I have 2 of those Bate's kits and man am I happy I had a few less dinners that Month to pay for buying 2 of them while they where around !
That Bates kit sitting on my kit shelf was the number 1 pick for my use in this project until I recalled seing these 1313 Mockingbird Lane kits.

Thanks for the film trivia, boy did that jar my mind in a good way at this time of the morning!


----------



## Steve25

Hi all!
Here's some pictures of the start of the build / rework of the kit for you.

The roof shingles are rendered poorly so I will grind them off to apply far better looking ones.

If they had looked atleast as good as the ones on the ever popular Atlas Station kit roof or there gate tower kit I may have kept them as is, but as you can see in the photo there pretty bad!

The left hand roof section in the photo has been ground flat .

The next thing I want to improve on are the far too wide Window Muilions.
I will see what I can about getting atleast all the ones remade on the Windows that will be seen at the property site.

I have not put much though yet into colors to pain the house in, but luckily there are many gorgeous Victorian homes in my area that I will take some photo's of to get a feel of what can work best for the build.


----------



## gimme30

That's awesome!

I'm on a similar mission in N scale so will definitely be following your progress. What a great find!
Now you need a Munster's coach to park out front!


----------



## Steve25

Lol! I built and painted that Revell kit of there custom car really nice when I was a kit , and then when I got a BB gun I shot it full of holes just like a dumb kid would on a boring Summer day.

I which I still had most of those kits I built , especially the Sunmarine Seaview if you recall that one from that late 60s TV show?


----------



## Steve25

Hi all!

So here's where I am starting of.

On the front of the house only I will replace a fair amount of the window Mullions with ones cut from my stock of these Grandt line Windows, and others I will just need to cut from strip stock that I still need to get.

The kits good looking Chimney unfortunately has no Brick detain it so that needs to relocate to the circular file Can as does the TV antenna.

I also want to change the sad face in the roof stand off above the front door ( what is that called on these and other houses?). to a smile and I think I have figured a way to get the done, fingers crossed here on that!


----------



## Steve25

Well Summer is cooling down so it's back to modeling!

Here's some shots where I have started to get the windows to look better and boy it ain't easy getting those cut out sections of better scaled windows glued back in !

I had to use more super glue then I thought I would so now I have to file out the excess from each 90 degree Conor before I prime the walls with the light gray that I have used on the foundation bricks.

I have spent a fair amount of time driving around and looking at Victorian homes in the area and many have there porch floors painted a green so that my color pick for that area of the kit build.

I have not settled on any other colors yet but for the light gray primer I have been spraying on to be the main base color for everything.


----------



## Spence

That's going to be one fantastic looking house when it's done.


----------



## Steve25

Thanks, I will give it my best shot for all of you!


----------



## Chaostrain

I'm curious as to why you are using super glue instead of plastic model glue.
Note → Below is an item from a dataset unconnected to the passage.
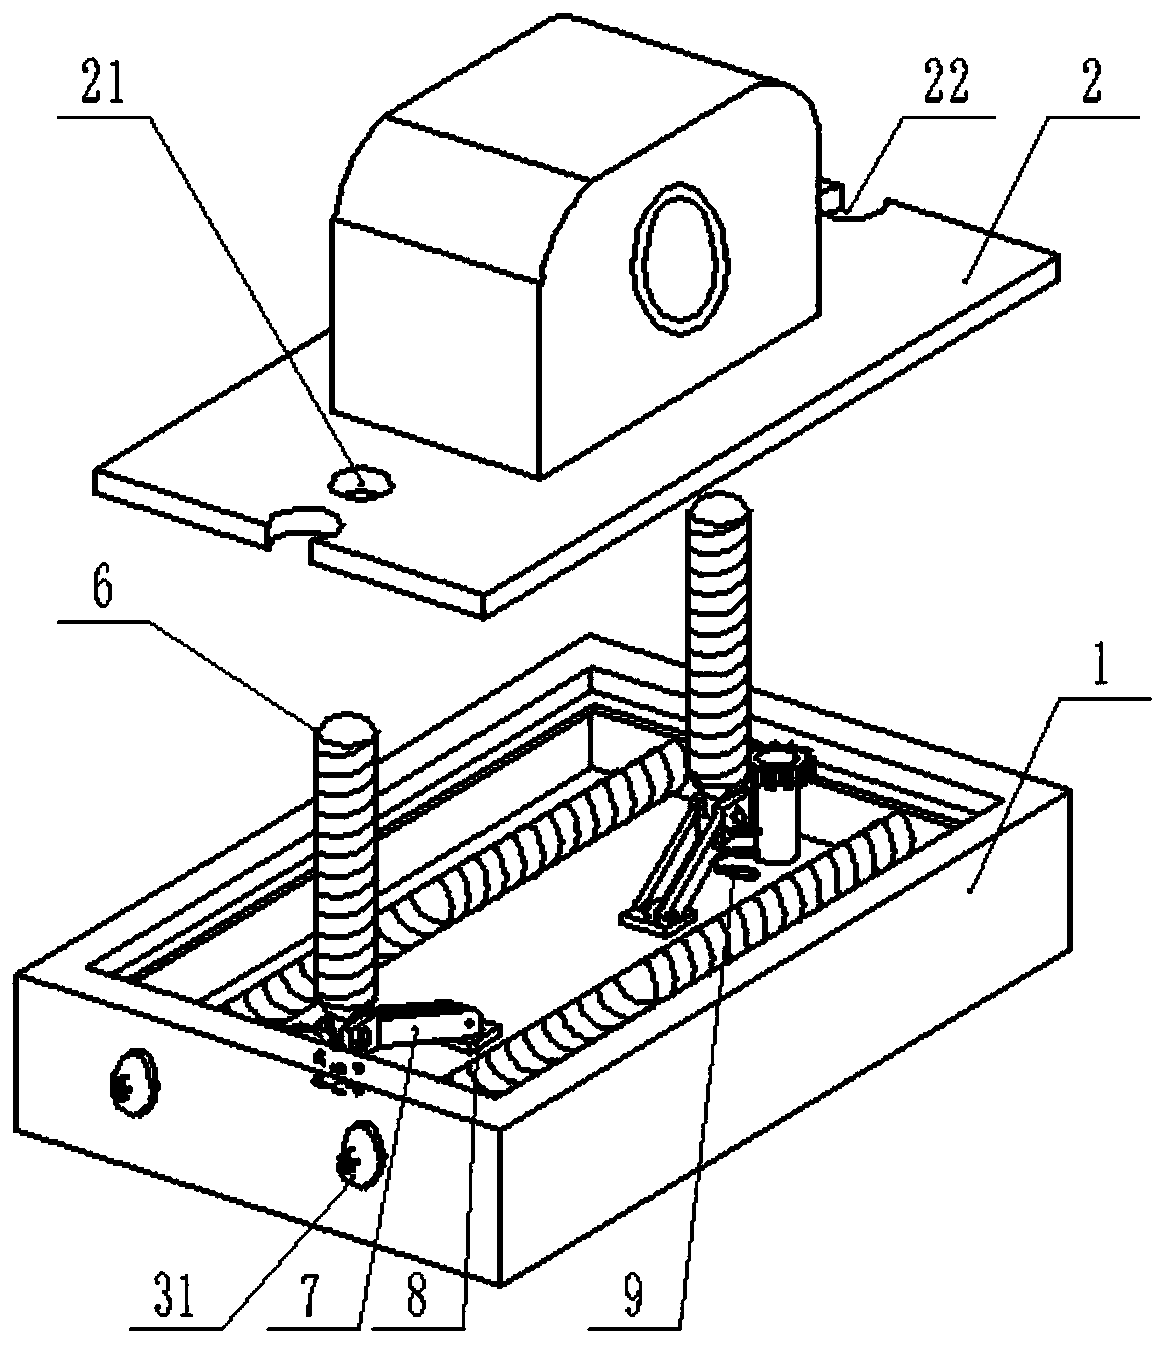 Bearing base horizontal positioning mechanism and horizontal positioning method

It is looking very nice.


----------



## Steve25

I only had Testirs plastic glue in the bottle on hand and I could not in 4 attempts get a bond to happen as strange as it sounds so it switched to the super glue.

I have some Tenx on order that I hope works better, if not it must be something with the make up of the plastic in this China made kit I would guess and I will have to roll with the super glue and the added work that it makes!


----------



## Steve25

So I think I have settled on using these 3 main colors plus White in places .
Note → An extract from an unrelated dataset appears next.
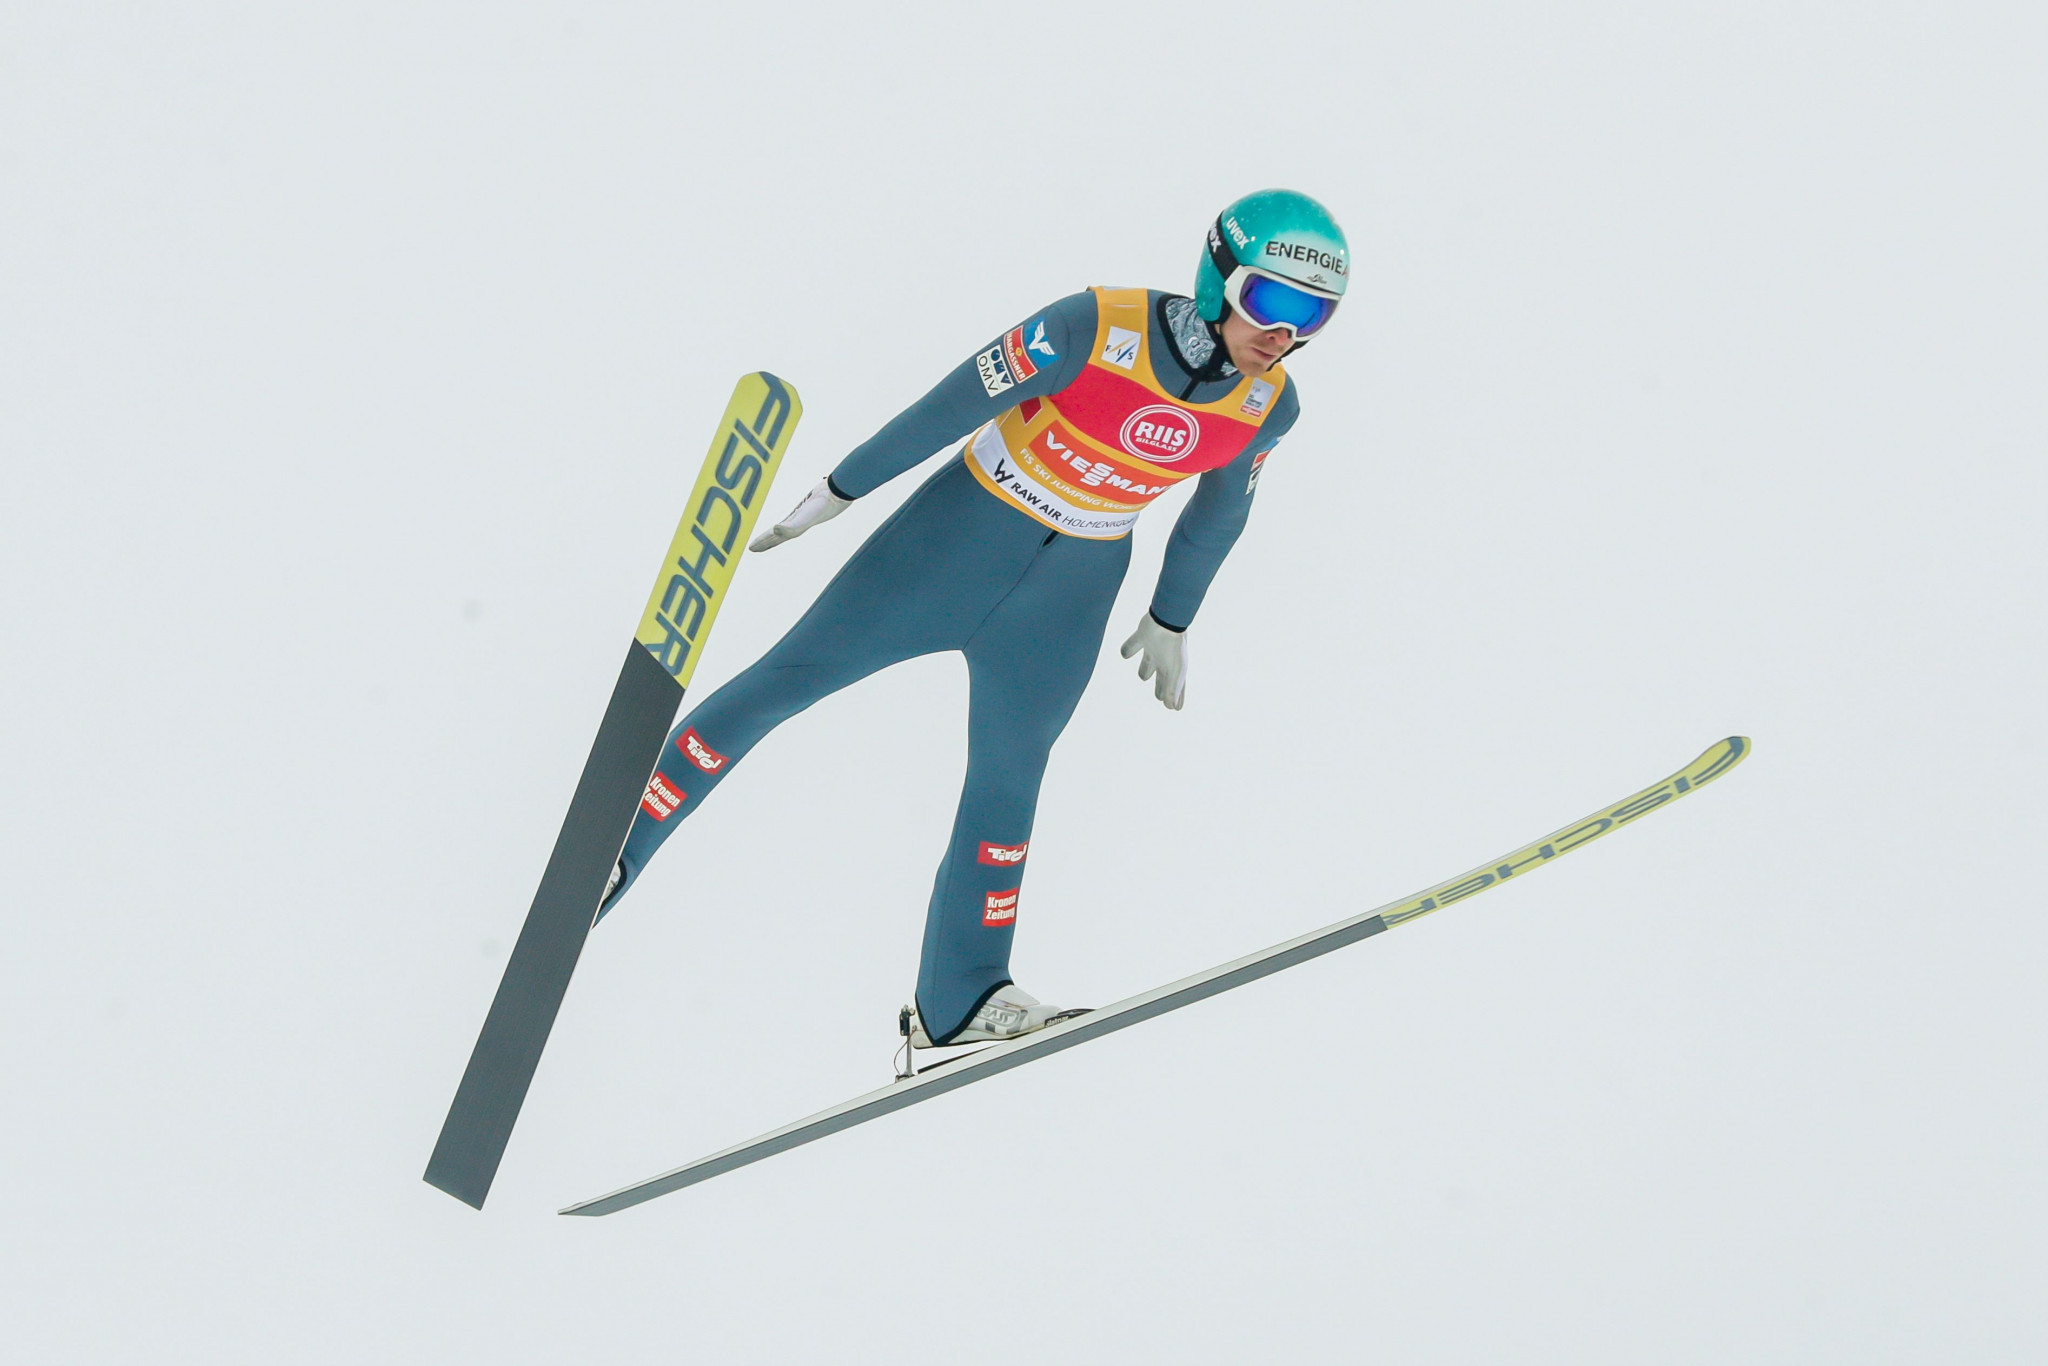 Austria win team event at FIS Ski Jumping World Cup in Wisla

Light tan , Purple and Sky Blue.

The Purple and Blue are a gloss enamel so the whole structure will need a top coat of flat clear which I may have a issue with if it covers too much detail as the enamel is kinda thick all on its own!
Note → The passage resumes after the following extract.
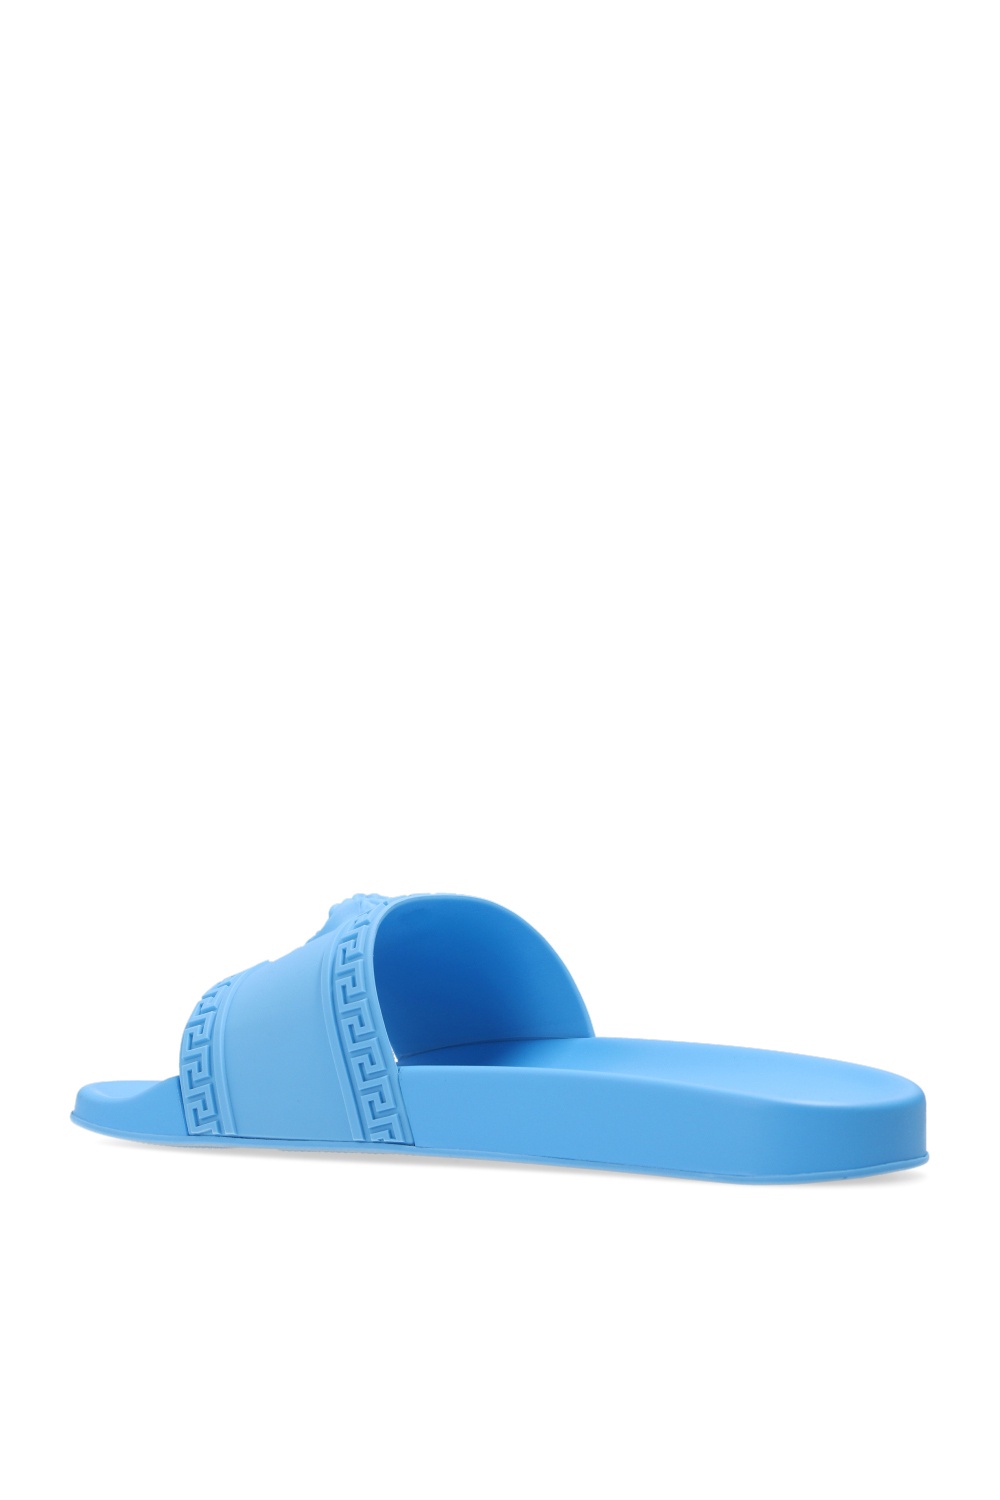 blue versace slides

I guess I will try it on some scrap plastic that I scratch some lines in and if it does not pass the test I will reluctantly mix my own flat of those two colors.


----------



## Chaostrain

Steve25 said:


> I only had Testirs plastic glue in the bottle on hand and I could not in 4 attempts get a bond to happen as strange as it sounds so it switched to the super glue.
> 
> I have some Tenx on order that I hope works better, if not it must be something with the make up of the plastic in this China made kit I would guess and I will have to roll with the super glue and the added work that it makes!


Oh, ok! Thank you!


----------



## flyboy2610

I have found that for the Testors cement in the bottles to work properly the joint needs to be pretty tight before gluing. For less than perfect joints I prefer the Testors tube type cement. Just be sure to apply it sparingly as it doesn't take much.


----------



## Steve25

Yes, I have found the same thing , it's just that it's setting time is so slow even when used sparingly that I get impatient.

When I do have the time to sit down and build I most times need to go fast, so at that point it's super glue and accellerent time for me!

I wish there could be such a thing to speed up the curing of the Testors in the tube, but I have never heard of such.


----------



## Steve25

Getting back to it again here over the weekend.

Moving along with the front side window rework which is time consuming as it seems to take me some 35 minutes each to get them done and looking acceptable!

I also need to get better White paint that covers in only 2 coats as it's taking me 3 coats to get the windows looking good which is more time then I would like to spend on doing that, oh where oh where has Floquil gone?

Until I get all the windows painted I can't apply my main wall color which will be a middle tone Gray.

The arrow points to the modified upper windows compared to the ones in the wall on the left.

On my next post I should have some subassembly done I hope.


----------



## cole226

you're extra efforts are really going to payoff. That's going to be a real attention getter. :smilie_daumenpos::smilie_daumenpos:


----------



## Steve25

Thanks for the kind words Cole!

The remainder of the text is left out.